Quando l'uomo non dà più significato alla sua vita, tutto è soffio, non ha più il gusto di vivere e quando l'uomo non ha più il gusto di vivere si chiede sempre : cos'è la vita? Spesse volte, soprattutto nella cultura odierna, un uomo vive alla giornata dimenticando che la giornata è un grosso dono di Dio nel quale devo impegnare tutte le mie forze. L'uomo “vuoto” è un suicida esistenziale.. ecco perché Gesù questa mattina ci dice che dobbiamo intensamente recuperare il gusto della provvidenza come impegno creativo per non entrare nella vacuità dell'esistenza.

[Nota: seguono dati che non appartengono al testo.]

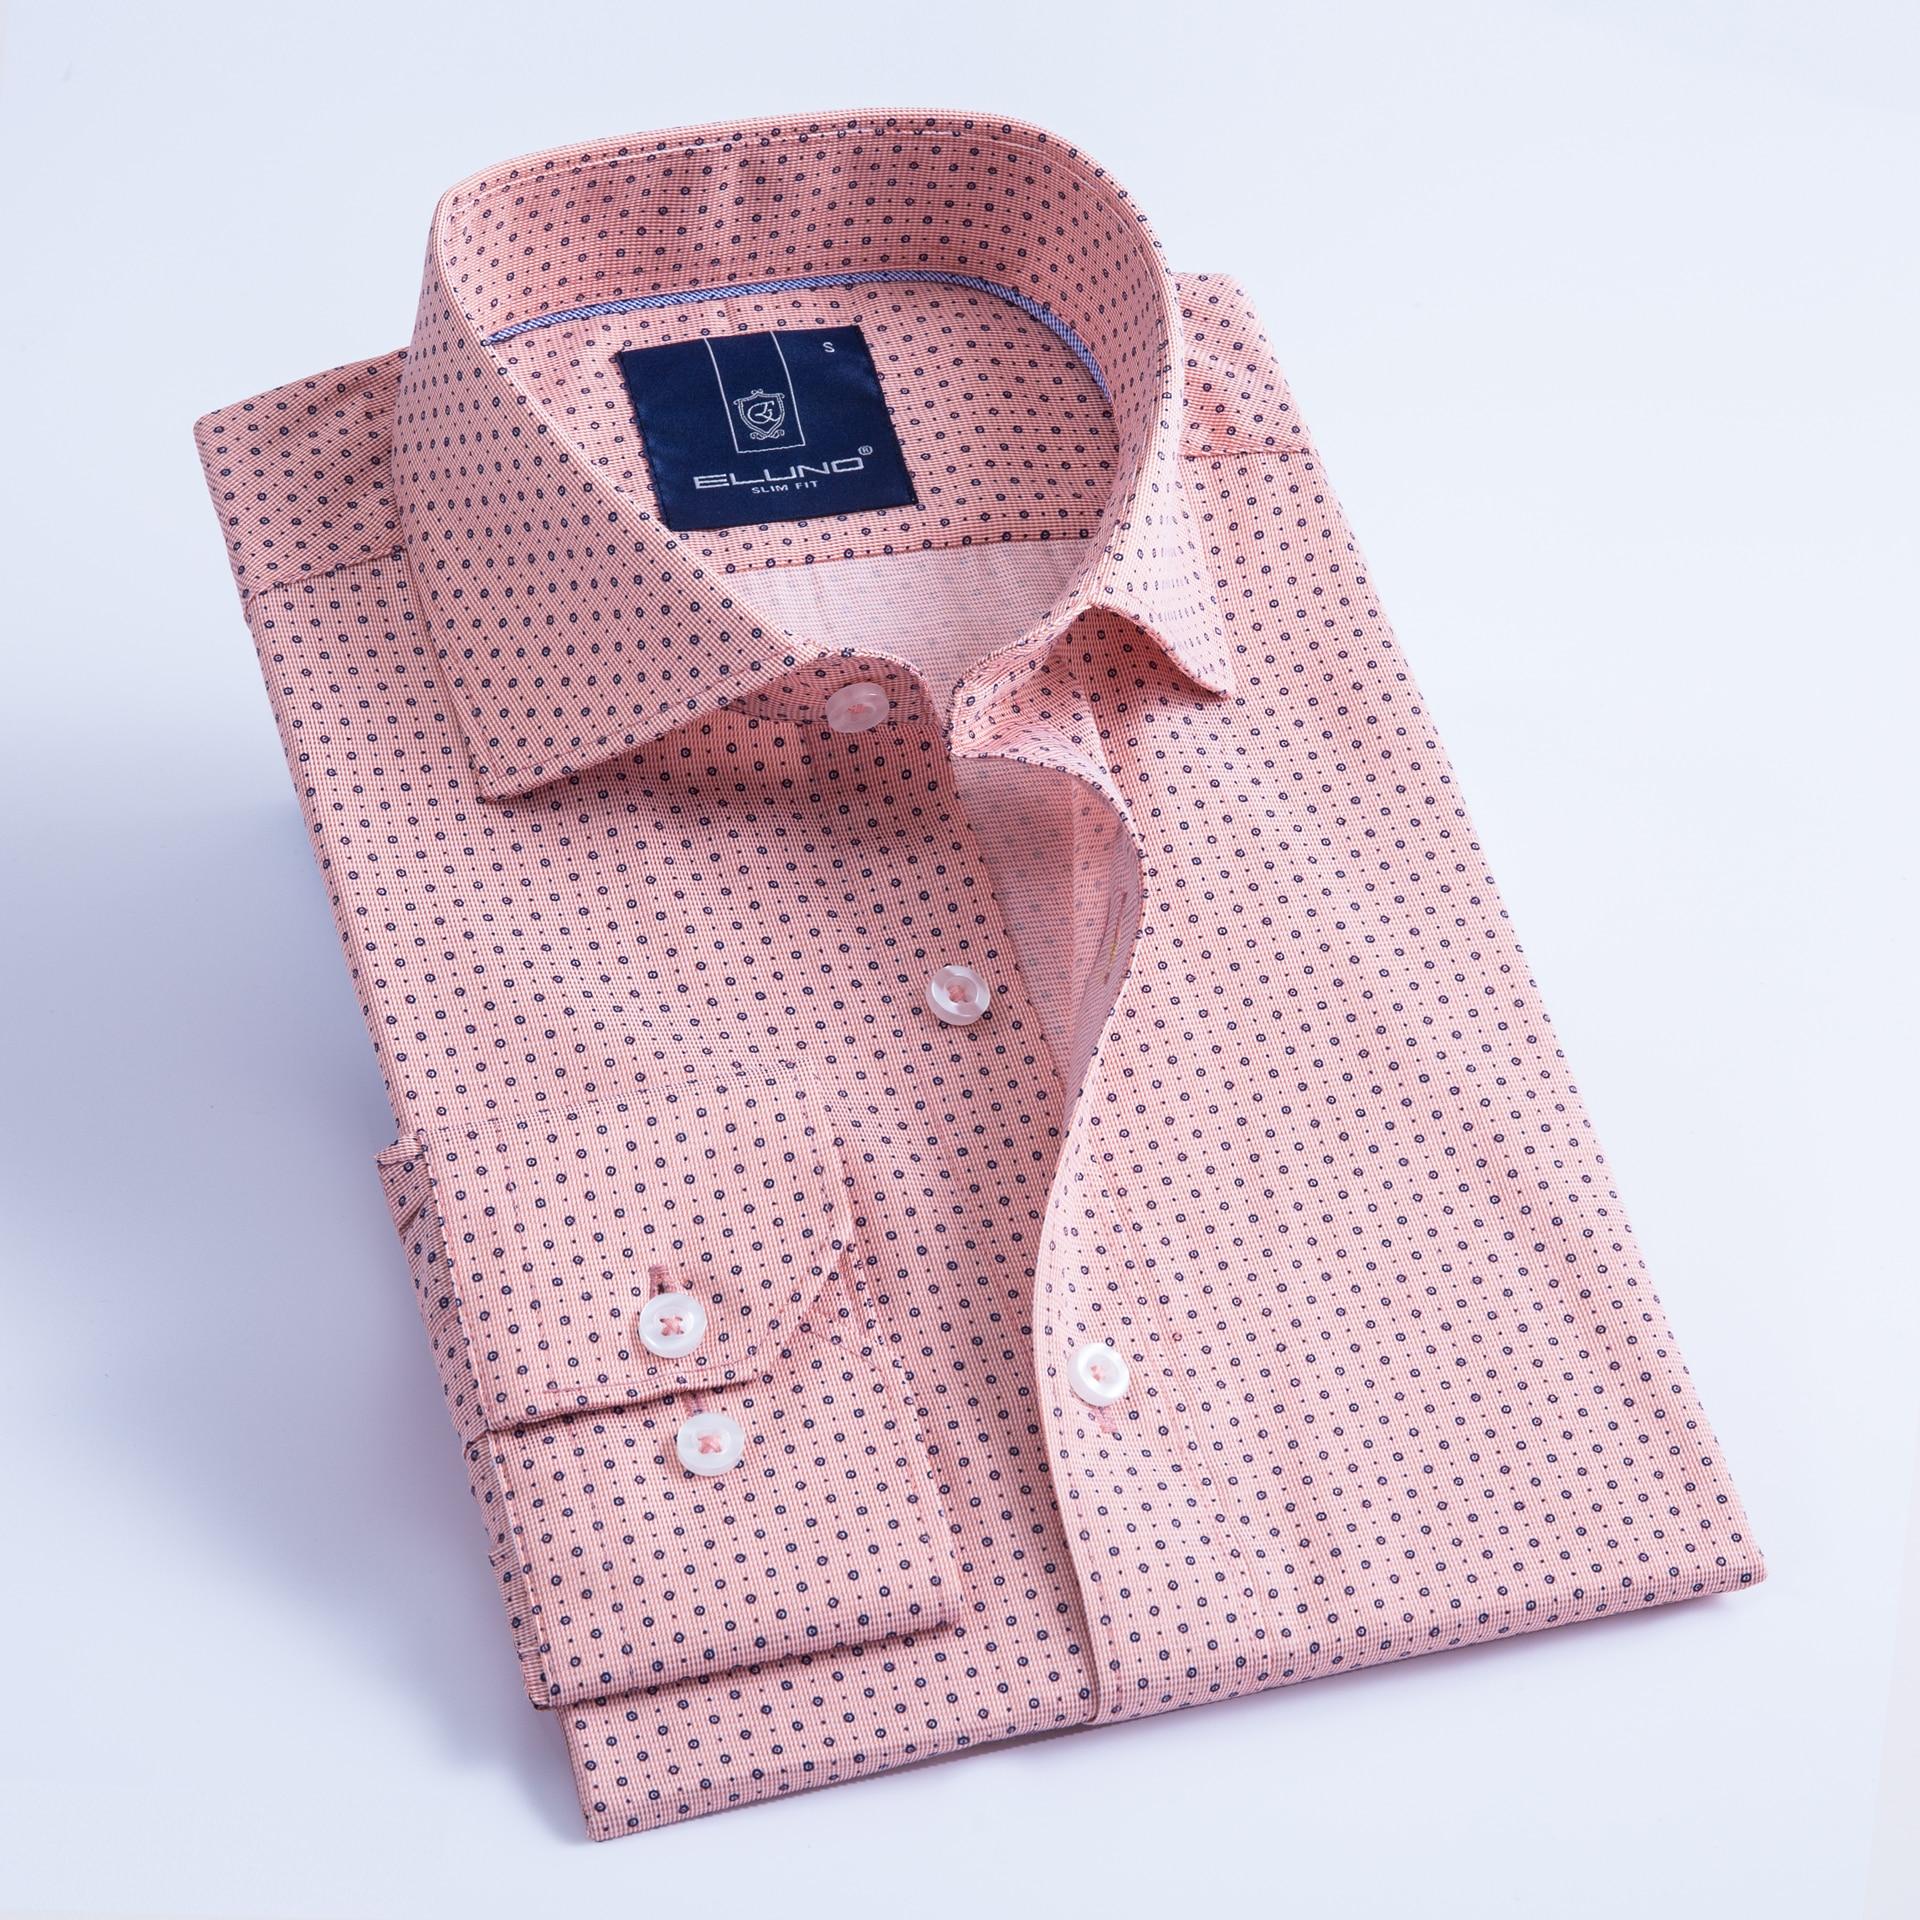 ELUNO Fashion Casual Long Sleeved Printed Shirt Slim Fit Male Social Business Dress Shirt Brand Men Clothing Soft Comfortable

Il Vangelo con questa visione della provvidenza ci permette di costruire in modo autentico la vita. Allora, dando contenuto all’oggi, non abbiamo più timori per il futuro perché l'oggi abitato da Dio, da quel Dio che ci dà il respiro dell'istante, da quel Dio che ci ama in modo favoloso, da quel Dio che ci immerge nella sua vita di eternità, ci dice : è nell'oggi che si sedimenta tutta la vita. Quando l'uomo costruisce oggi tutta la sua vita non ha problema del domani, domani sarà un altro oggi, e allora non ci si perde per strada davanti a tutte le realtà contingenti che in un modo o in un altro potrebbero rovinare la nostra vita. La vita dell'uomo è nascosta con Cristo in Dio. Quando l'uomo nella tranquillità del suo cuore, pur nelle tempeste storiche, si pone nel Signore, si pone a respirare la presenza del Signore, si ritrova così riempito dalla sua presenza che non ha più alcun timore. Quando un cuore è abitato dal senso della vita che è una persona, anche se si trova nella oscurità massima tuttavia abita in una luce ineffabile. Una cosa che l'uomo non riesce a cogliere nella cultura di oggi così legata all'autoreferenzialità e al non senso delle scelte quotidiane è il desiderio di rinverdire la bellezza della fede per dare contenuto all'istante. Anzi, ogni momento che costruiamo nella vita è un meraviglioso sacramento: Dio attraverso la storia ci parla, noi vivendo intensamente la storia parliamo con Dio. Questo è  un meraviglioso sacramento: il sacramento della vita feriale.

Ritrovandoci nell'eucaristia questa mattina sappiamo vivere questa concezione: il Signore  viene in quel pane in quel vino se non per rafforzare le nostre più profonde convinzioni esistenziali e per dirci che lui è talmente con noi che rifà la nostra vita. L'eucarestia è il Signore che rinnova le nostre cellule interiori perché noi veniamo trasfigurati dalla sua ineffabile creatività. Quello che Gesù questa mattina ci ha detto sia motivo di coraggio e di tanta speranza.

Ogni eucaristia è la concezione della vita celebrata nel pane nel vino. Allora l'esistenza assume sfumature ben diverse. Chiediamo allo Spirito Santo che ci doni questa sapienza in modo che la provvidenza sia uno stile interiore con il quale istante per istante ci confrontiamo con la storia e siamo ricchi speranza.

Se il Dio che ci crea è in noi e ci crea continuamente nella sua fiduciosa benevolenza siamo già eternità beata.